Um inédito e um quase inédito. A mostra prevê também projeções de Wilsinho Galiléia, documentário que permaneceu no subsolo durante 24 anos. Rodado como um especial para o Globo Repórter, o filme cheirou a subversão para o regime em 1978, que o censurou por considerá-lo uma apologia à criminalidade infantil. Veio à tona na última edição do festival É Tudo Verdade e integra o ciclo do CCBB na próxima quinta-feira.

João Batista policiou artisticamente a repressão. Não foi cegamente ostensivo porque o minguado aparelho cultural não permitia; não foi alegórico para não correr riscos de fragmentação de sua ascese. Na trajetória de oposição aos cassetetes, passou pelo Grande ABC. Primeiro foi a Paranapiacaba, onde rodou Doramundo (1978), uma caleidoscópica tese do sistema policial baseado mais no “achismo” do que em evidências. Em 1979 voltou para documentar a semeadura sindical com o curta Greve!. Doramundo será exibido no próximo sábado e Greve!, no domingo.

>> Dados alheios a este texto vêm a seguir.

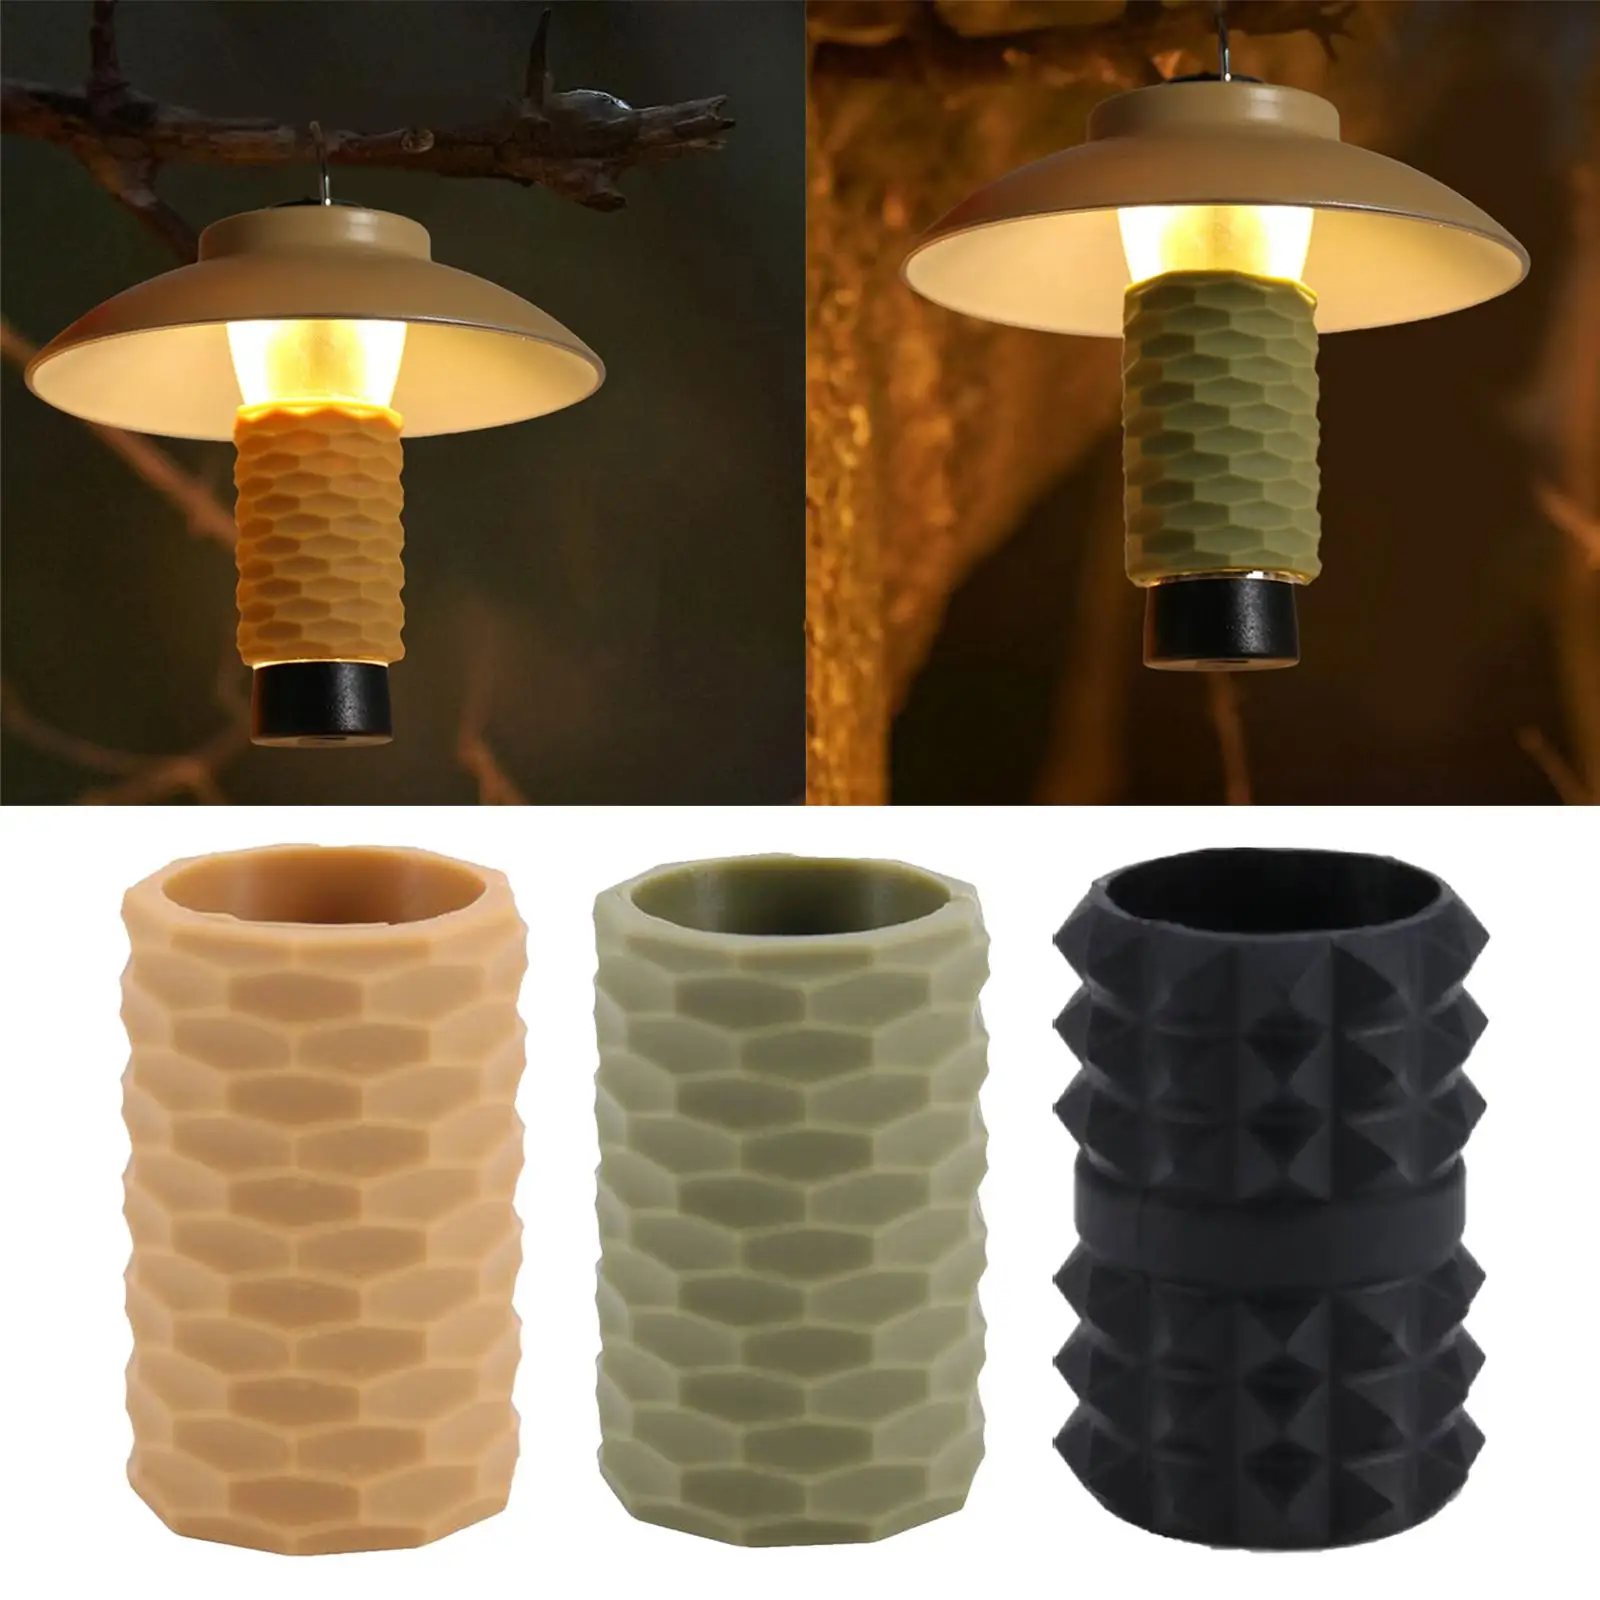 Lamp Sleeve Cover Camping Lights Cover Flashlight Sleeves Accessories LED Lights Lighthouse Lantern Lampshade for Backpacking
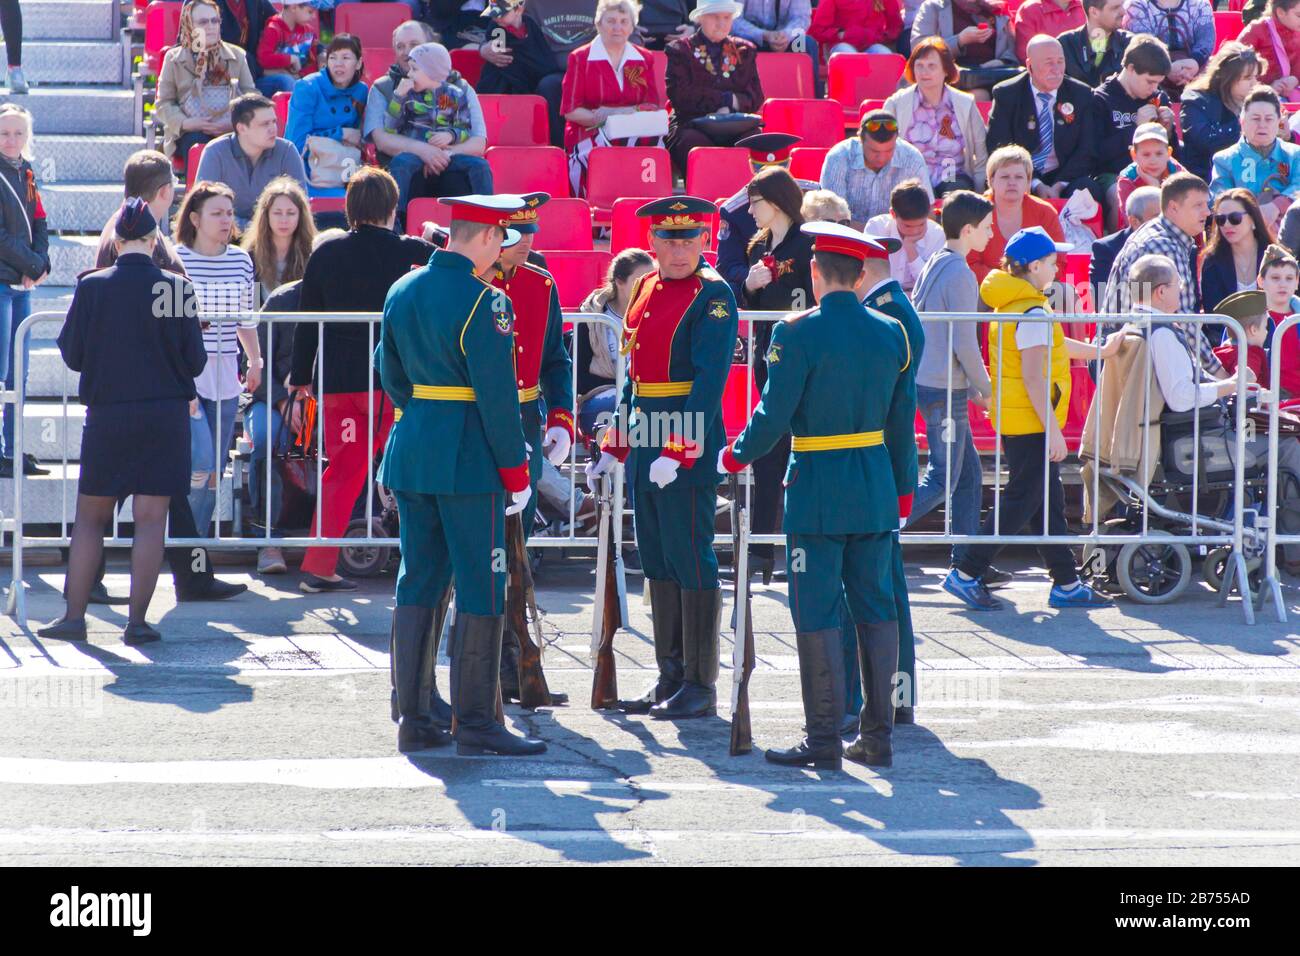 SAMARA, RUSSIA - MAY 9, 2016: Russian ceremony of opening military parade on annual Victory Day, May, 9, 2016 in Samara, Russia Stock Photo

João Batista de Andrade filmou a frustração solapada pela coerção – mas não viveu assim. Continuou a observar a lobotomia política até fazer O Homem que Virou Suco (1979). Exibido no sábado, o filme tem José Dumont (cabra competente) na pele de Deraldo, artista de rua que deixa o Nordeste para reivindicar um lugar na terra das oportunidades que São Paulo vendia. Confundido com um assassino, Deraldo é perseguido e acuado. Seria um Joseph K. à brasileira – falta para isso o dado absurdo, a causa inexistente. Todavia, frente às manobras esotéricas da ditadura militar para justificar óbitos e desaparecimentos, não falta mais nada.